## Tuesday, October 28, 2014

### UVa Problem 10020 - Minimal coverage

Problem:

Solution:

This is the first problem that involves a greedy algorithm I solved on UVa. The basic idea is to pick the interval so that it covers as much as possible to the right without creating holes.

So suppose I have these intervals:

[0, 4]
[1, 2]
[2, 5]
[3, 7]
[5, 7]

First thing first, we must cover 0, so we have no choice but picking [0, 4] as our first interval.

Next, we look at [1, 2], there is no point picking [1, 2] at all, we cannot cover anything more with this.

Then, we consider [2, 5], well, we might be able to cover more space with [2, 5], so let's consider it.

Then, we consider [3, 7], now we know [2, 5] is useless because we can cover more space with [3, 7] than [2, 5], note that [3, 7] does not cover [2, 3), but that does not matter, for we have already covered [2, 3) using our first [0. 4], now we are considering [3, 7]

Next, we consider [5, 7], note that [5, 7] does not cover (4, 5), so we decide [3, 7] is what we will pick, as it cover most space subjected to the no hole constraint.

To prove that the greedy algorithm works, we use the greedy algorithm stay ahead techniques.

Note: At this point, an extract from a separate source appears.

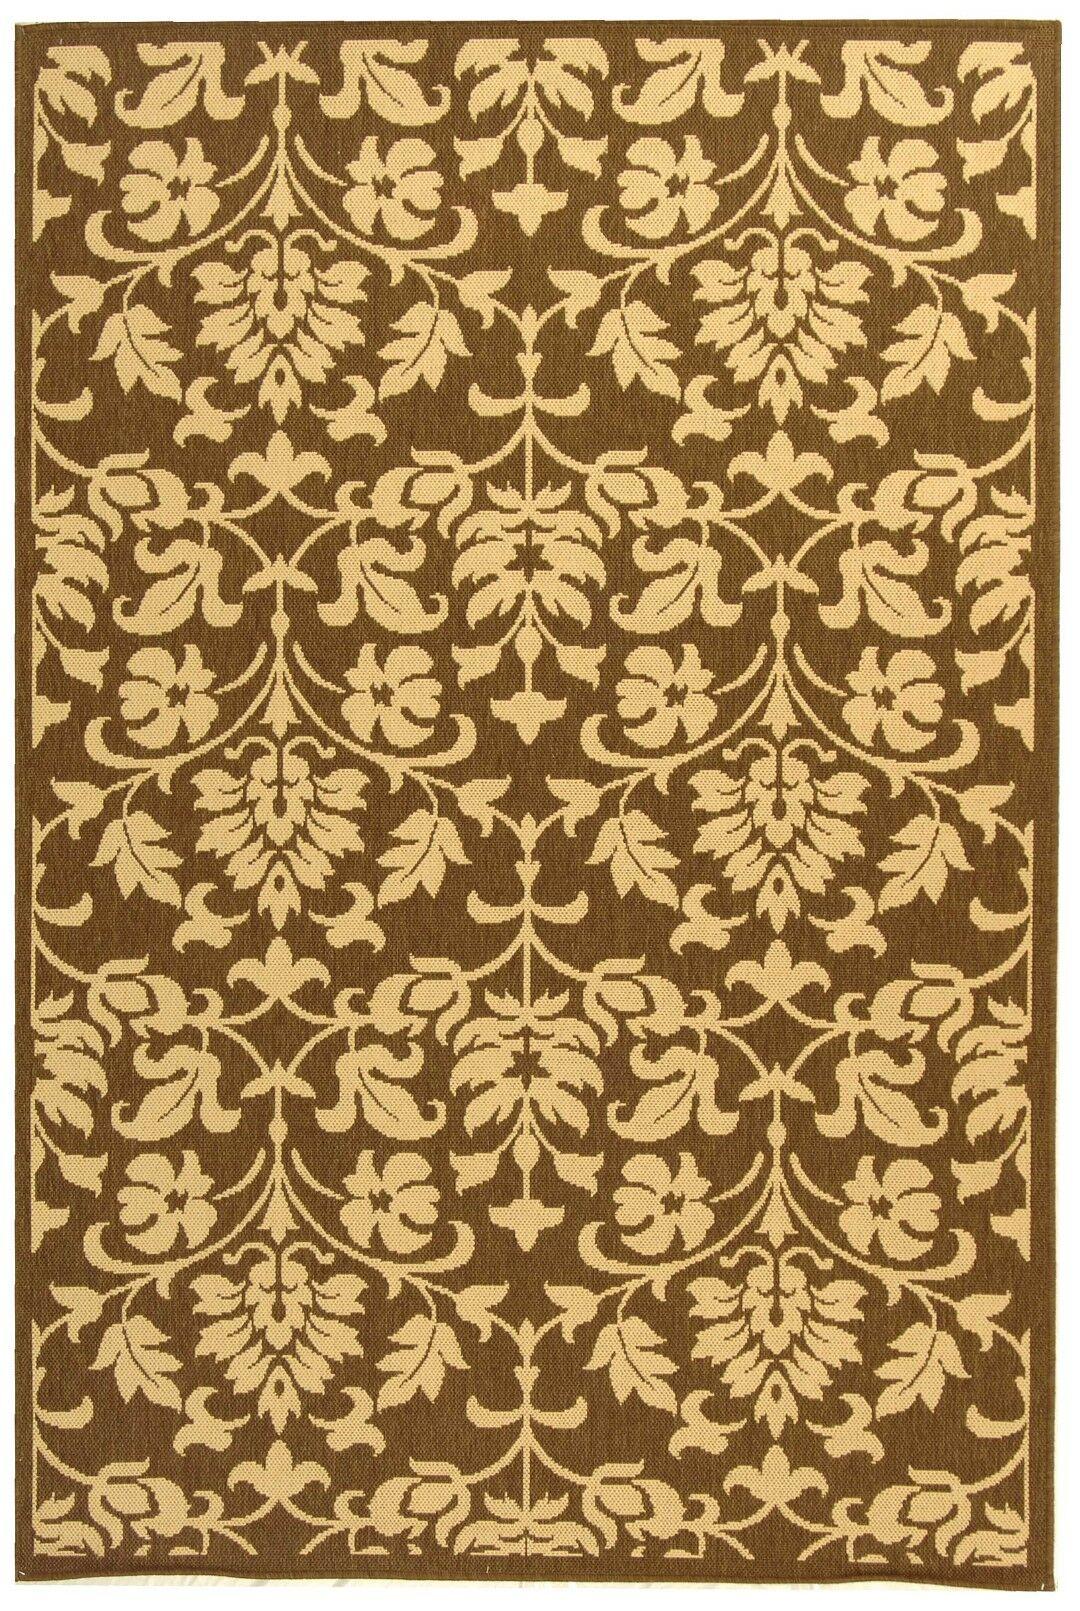 Beasley Brown/Natural Indoor/Outdoor Area Rug Rug Size: Rectangle 8' x 11'
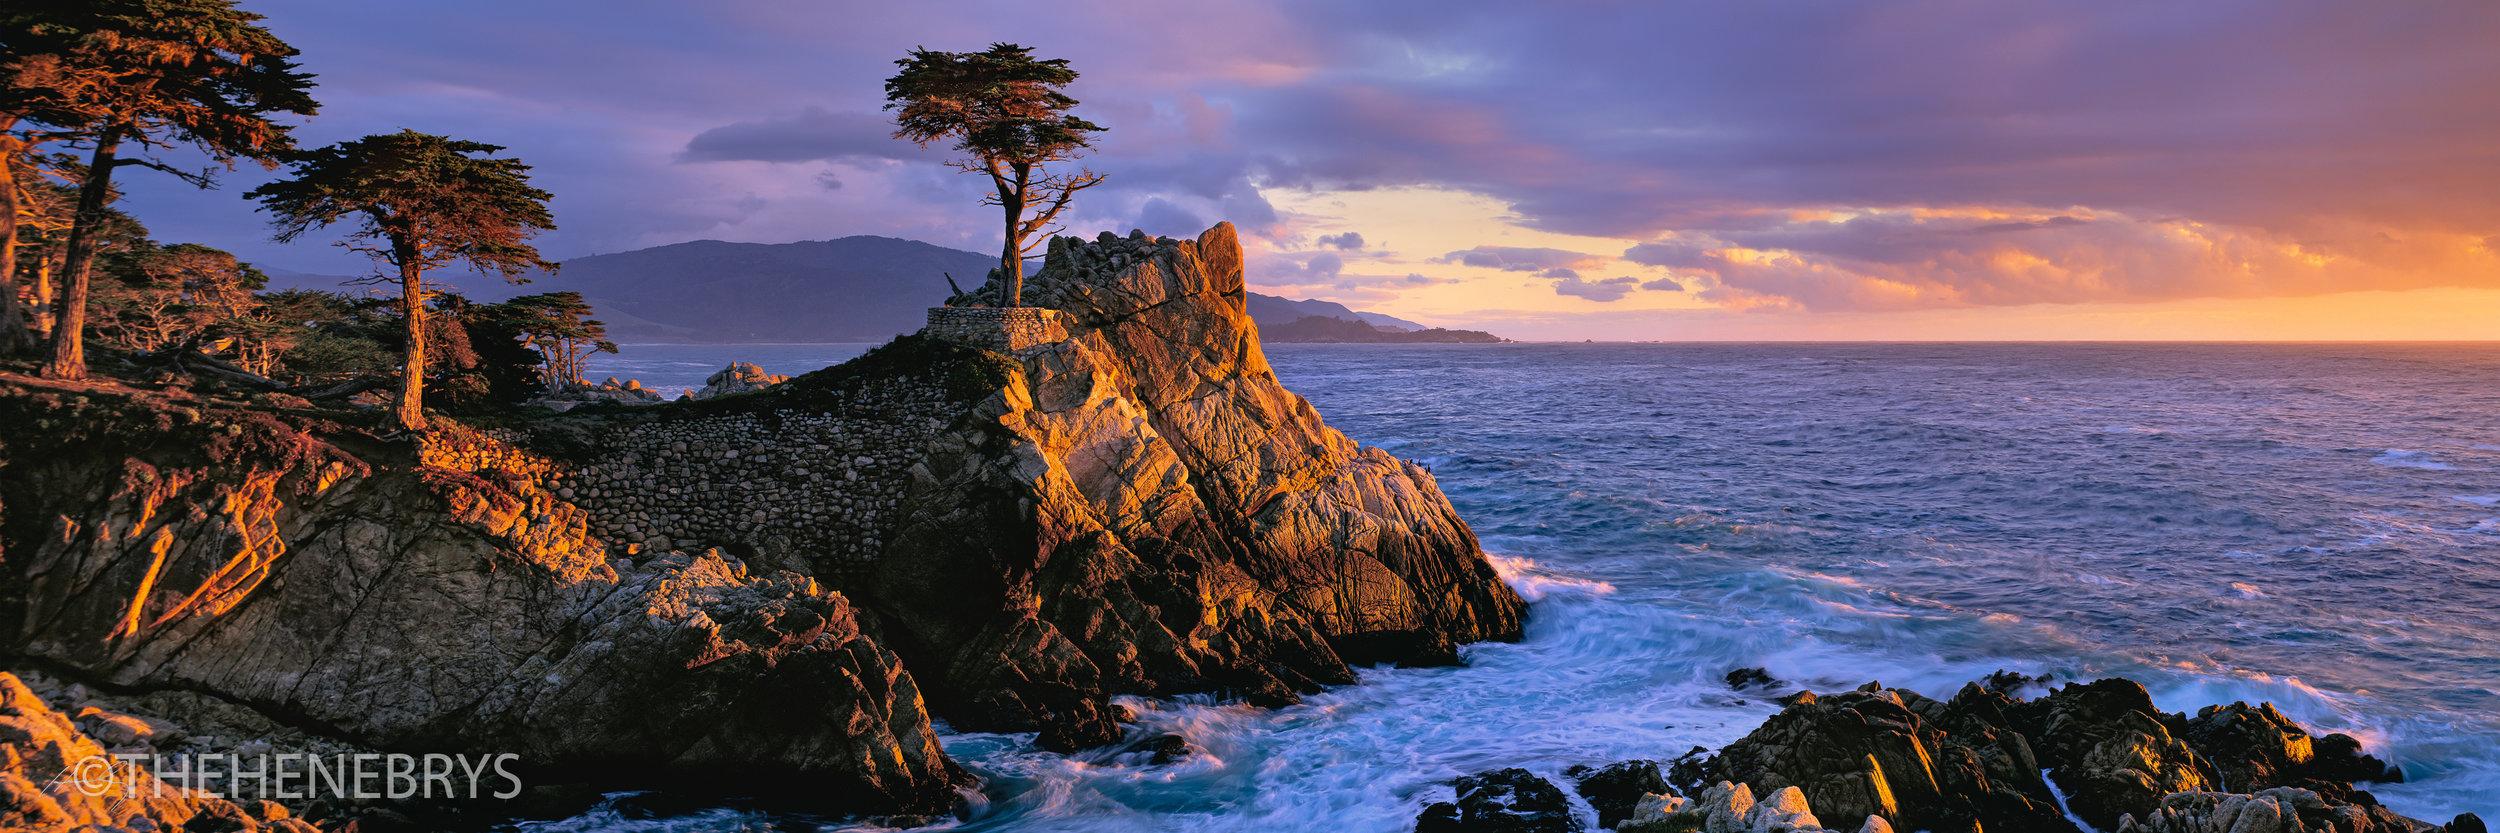 """A Test of Time"" 18th Pebble Beach Golf Links®, California"

The algorithm maximize the space given least number of segments, so it minimize the number segment given the space constraint!

Code:

#include "stdafx.h"

// http://uva.onlinejudge.org/index.php?option=com_onlinejudge&Itemid=8&page=show_problem&problem=961

#include "UVa10020.h"

#include <iostream>
#include <vector>
#include <map>
#include <algorithm>

using namespace std;

int UVa10020()
{
int number_of_test_cases;
cin >> number_of_test_cases;
for (int c = 0; c < number_of_test_cases; c++)
{
int m;
cin >> m;
vector<pair<int, int> > intervals;
while (true)
{
int from;
int to;
cin >> from;
cin >> to;
if (from == 0 && to == 0)
{
break;
}
intervals.push_back(pair<int, int>(from, to));
}

// Start greedy algorithm
int uncovered_index = 0;

sort(intervals.begin(), intervals.end());

// Constructing max cover
vector<pair<int, int> > max_cover;
int required_min = 0;
bool current_best_valid = false;
pair<int, int> current_best;
bool feasible = true;
for (vector<pair<int, int> >::iterator ii = intervals.begin(); ii != intervals.end(); ii++)
{
pair<int, int> current = *ii;
if (current.first <= required_min)
{
if (current.second > current_best.second)
{
current_best.first = current.first;
current_best.second = current.second;
current_best_valid = true;
}
}
else
{
if (current_best_valid)
{
// Current best is the actual best - nothing beyond this will meet the requirement
max_cover.push_back(current_best);

// Now we require more!
required_min = current_best.second;
current_best_valid = false;

if (required_min >= m)
{
// I have already covered M, we can stop now
break;
}
}

if (current.first <= required_min)
{
if (current.second > current_best.second)
{
current_best.first = current.first;
current_best.second = current.second;
current_best_valid = true;
}
}
else
{
feasible = false;
break;
}
}
}
if (current_best_valid)
{
max_cover.push_back(current_best);
}

if (feasible)
{
cout << max_cover.size() << endl;
for (vector<pair<int, int> >::iterator ii = max_cover.begin(); ii != max_cover.end(); ii++)
{
cout << ii->first << " " << ii->second << endl;
}
}
else
{
cout << 0 << endl;
}

if (c != number_of_test_cases - 1)
{
cout << endl;
}
}
return 0;
}